## EXERCISE
Every line from the line containing "Vintage John Galliano" through the end of the data is to be reproduced exactly, excluding pictures.

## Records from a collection
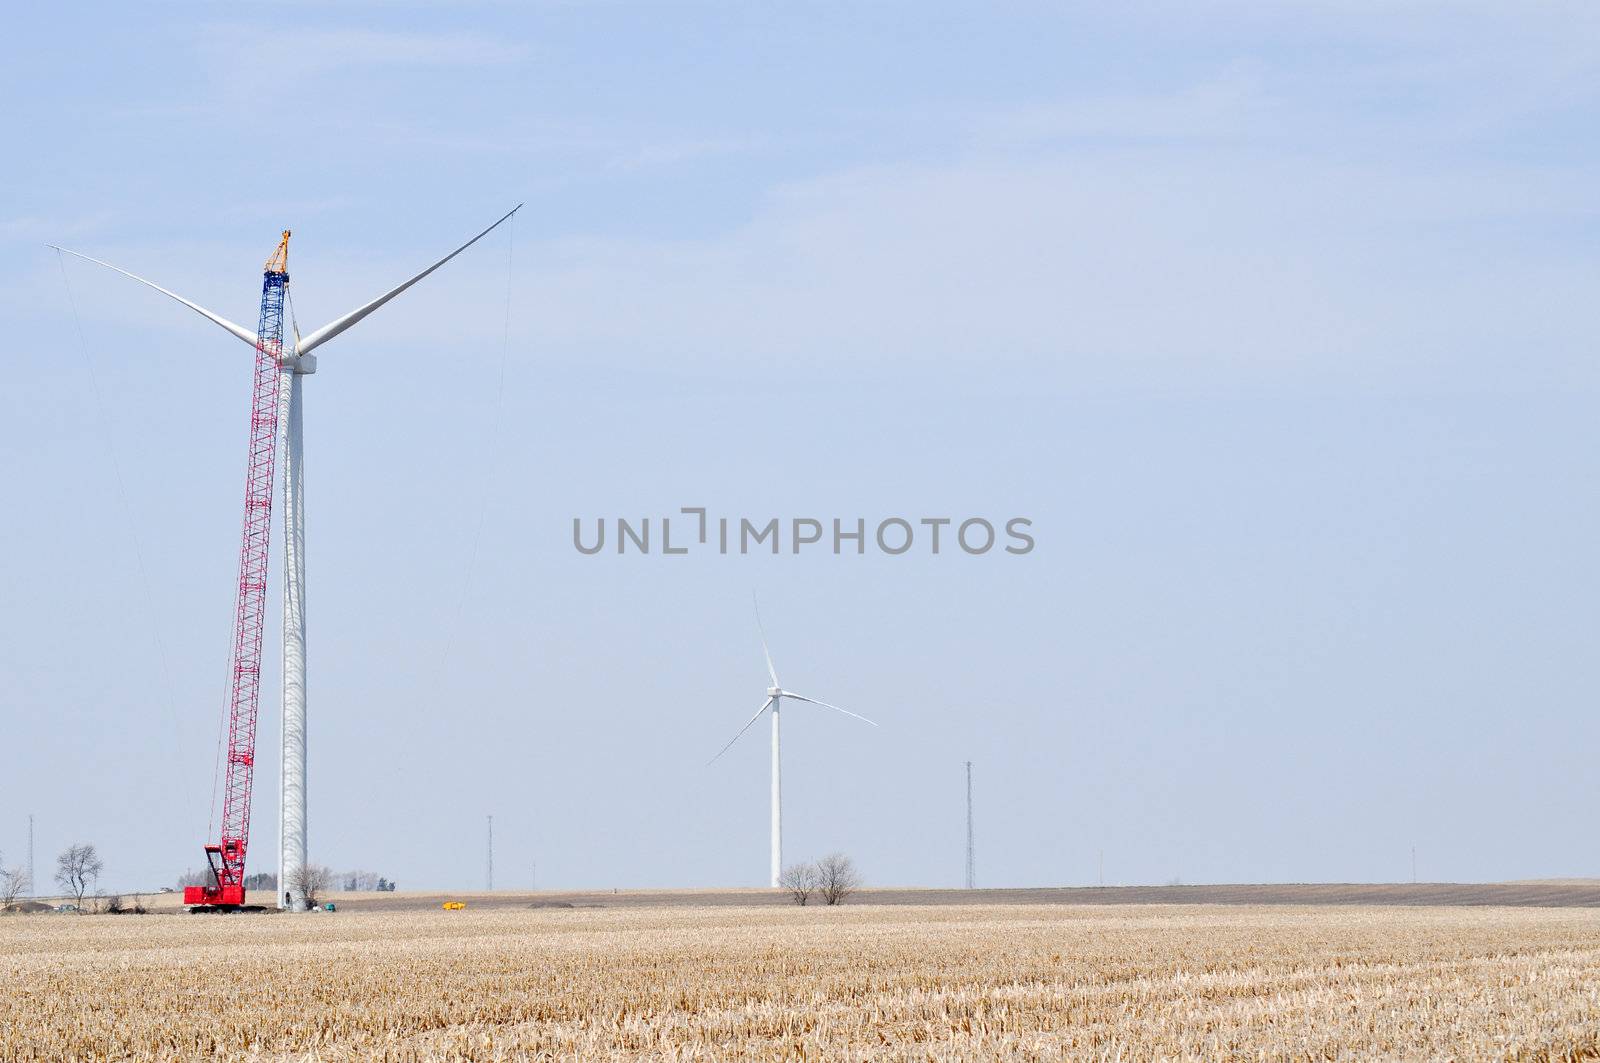 Crane assembling a turbine by RefocusPhoto
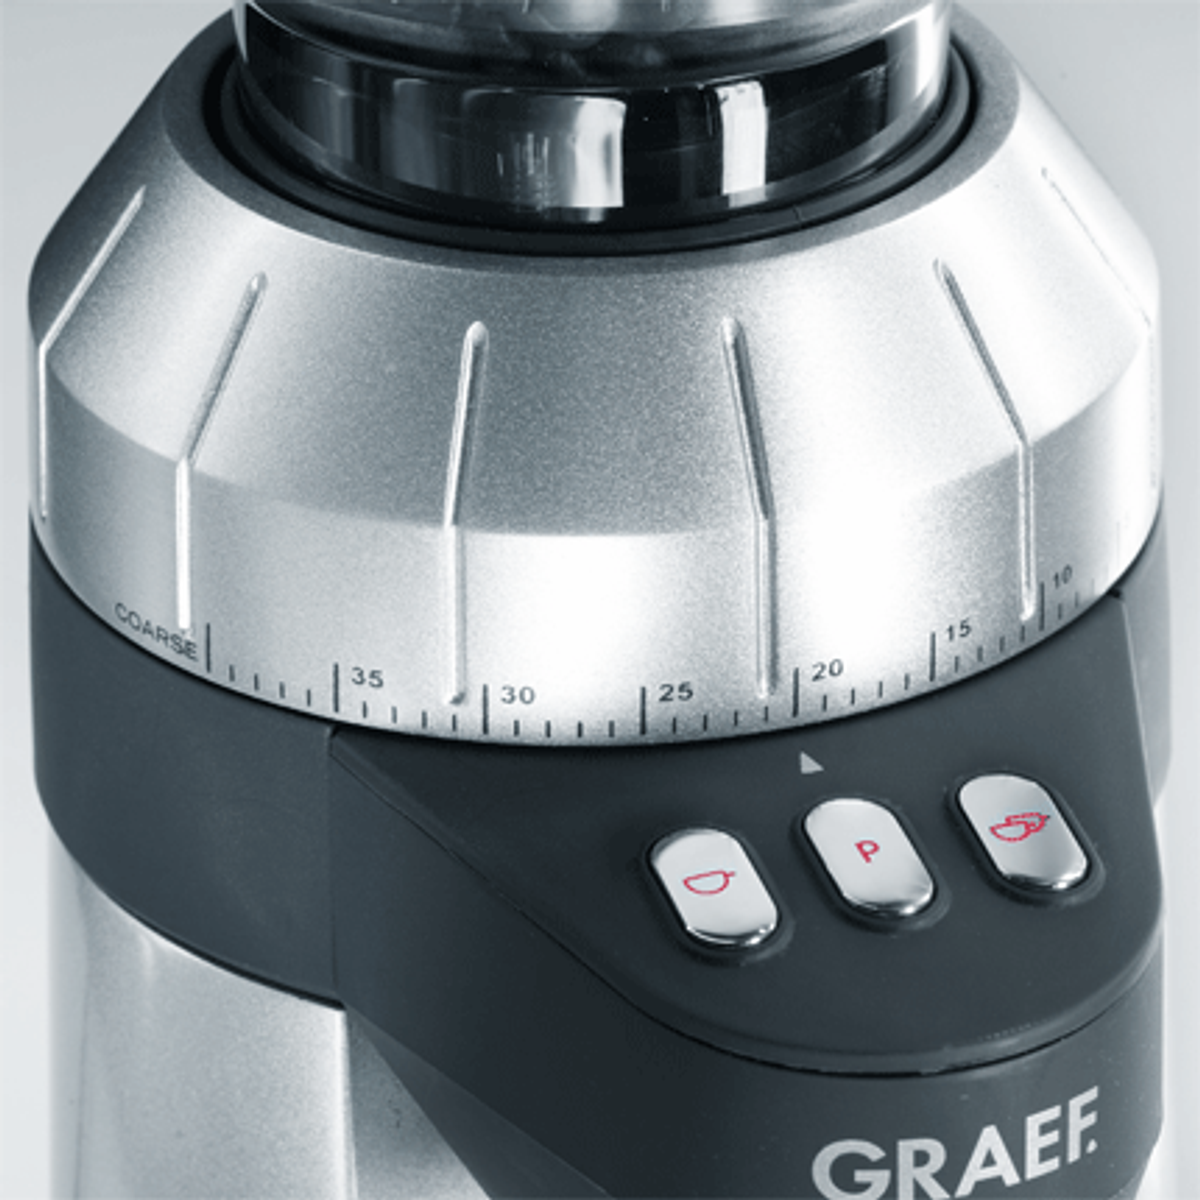 Edelstahl-Kegelmahlwerk) EU GRAEF 900 Silber Watt, KAFFEEMÜHLE CM Kaffeemühle (128
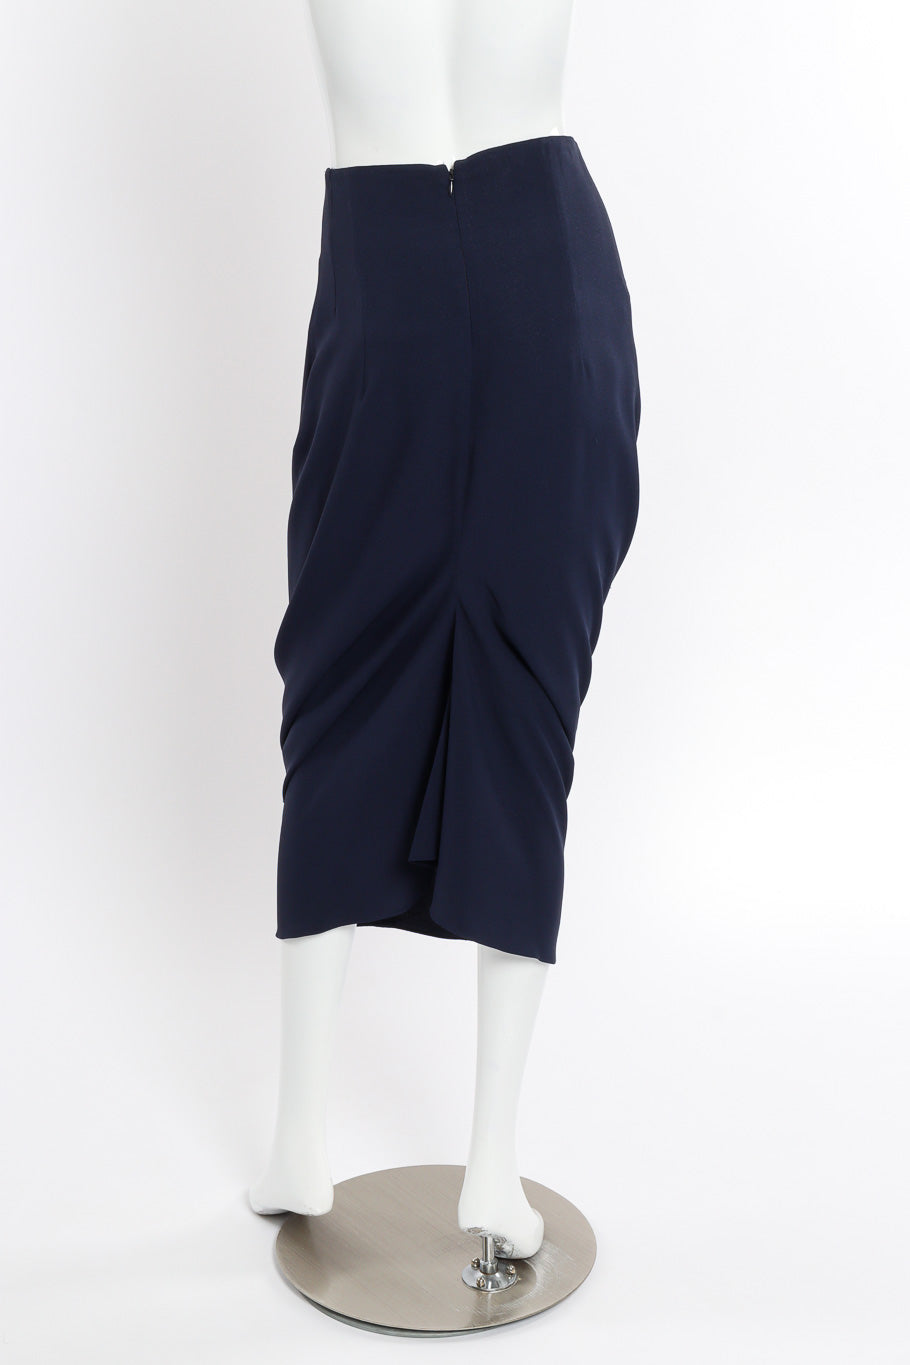 Vintage John Galliano 1999 S/S Draped Jacket and Skirt Set skirt back view on mannequin @recessla
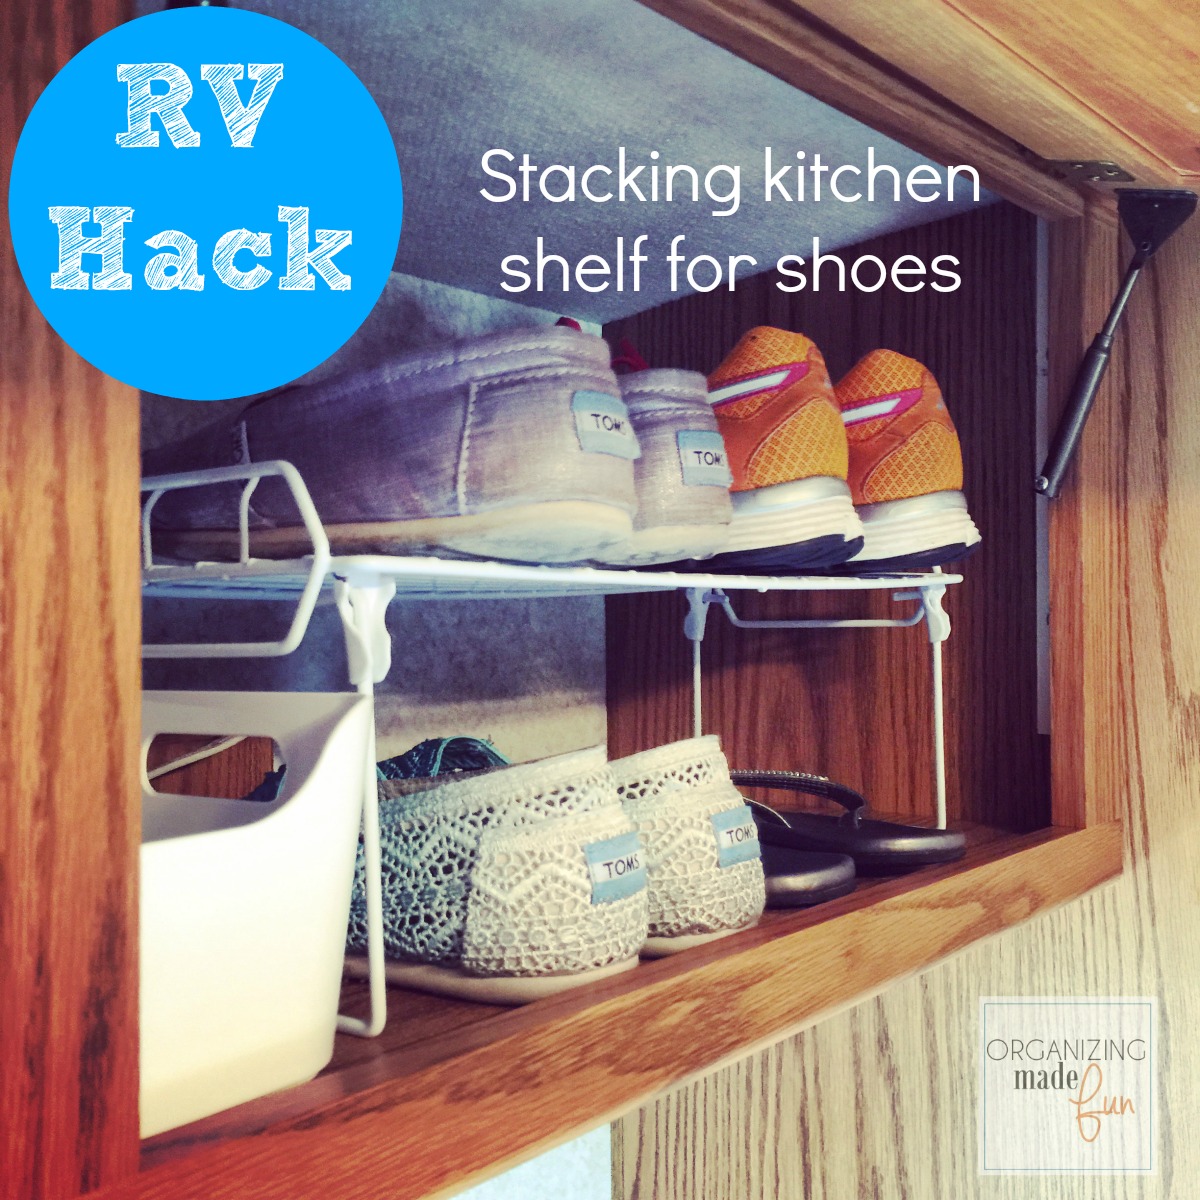 Organizing Made Fun: RV Organizing and Storage Hacks {Small Spaces}
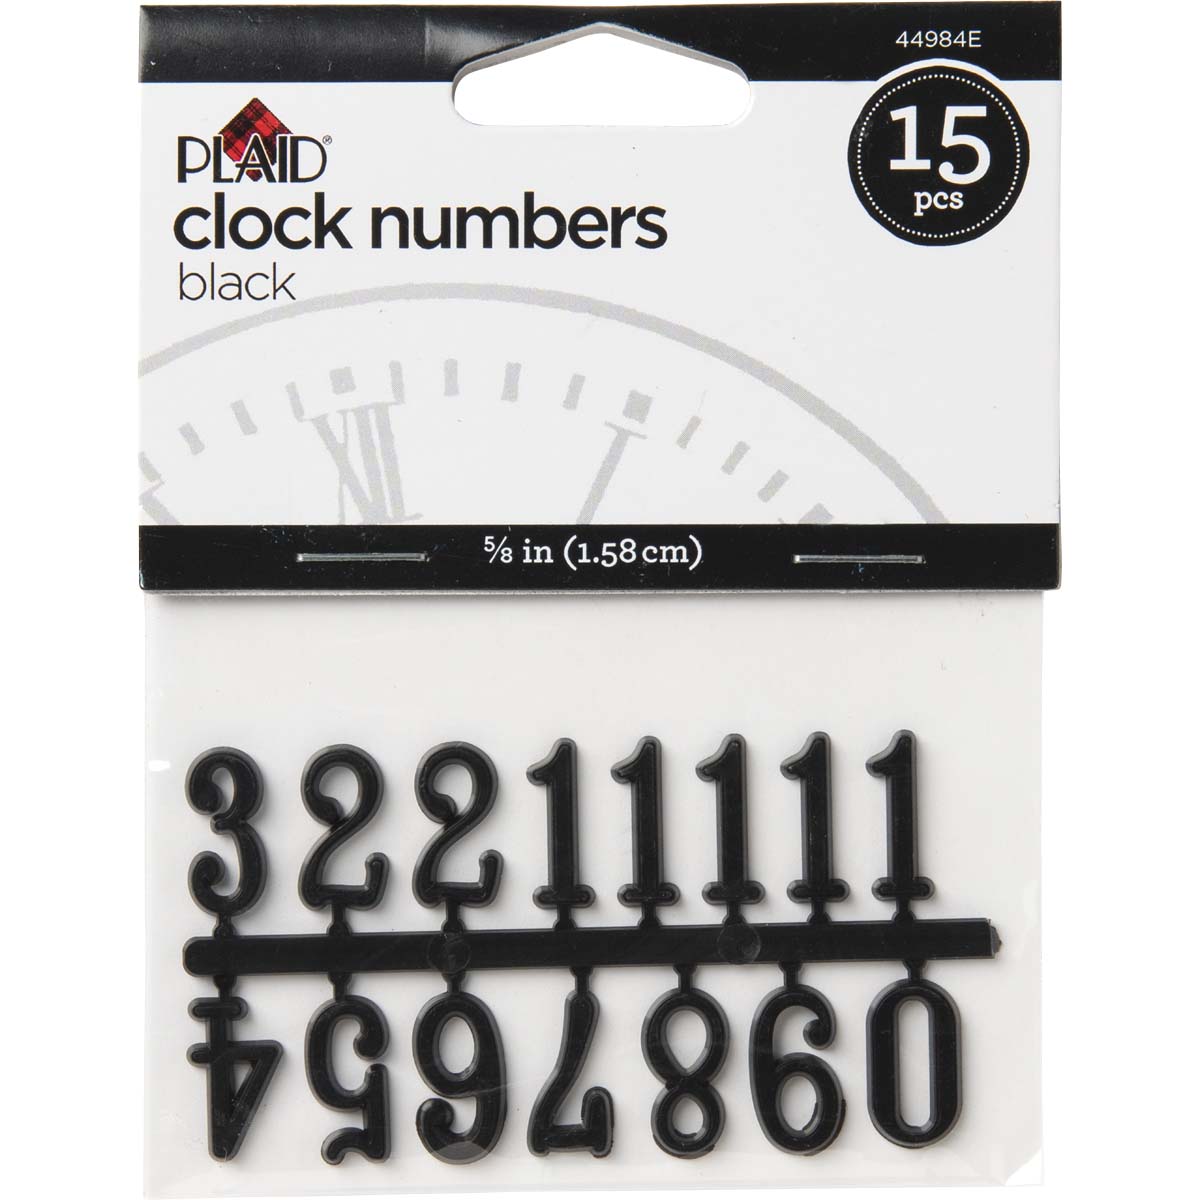 Plaid ® Accessories - Clock Numbers - Black, 5/8

## EXERCISE SOLUTION
 Vintage John Galliano 1999 S/S Draped Jacket and Skirt Set skirt back view on mannequin @recessla
 Organizing Made Fun: RV Organizing and Storage Hacks {Small Spaces}
 Plaid ® Accessories - Clock Numbers - Black, 5/8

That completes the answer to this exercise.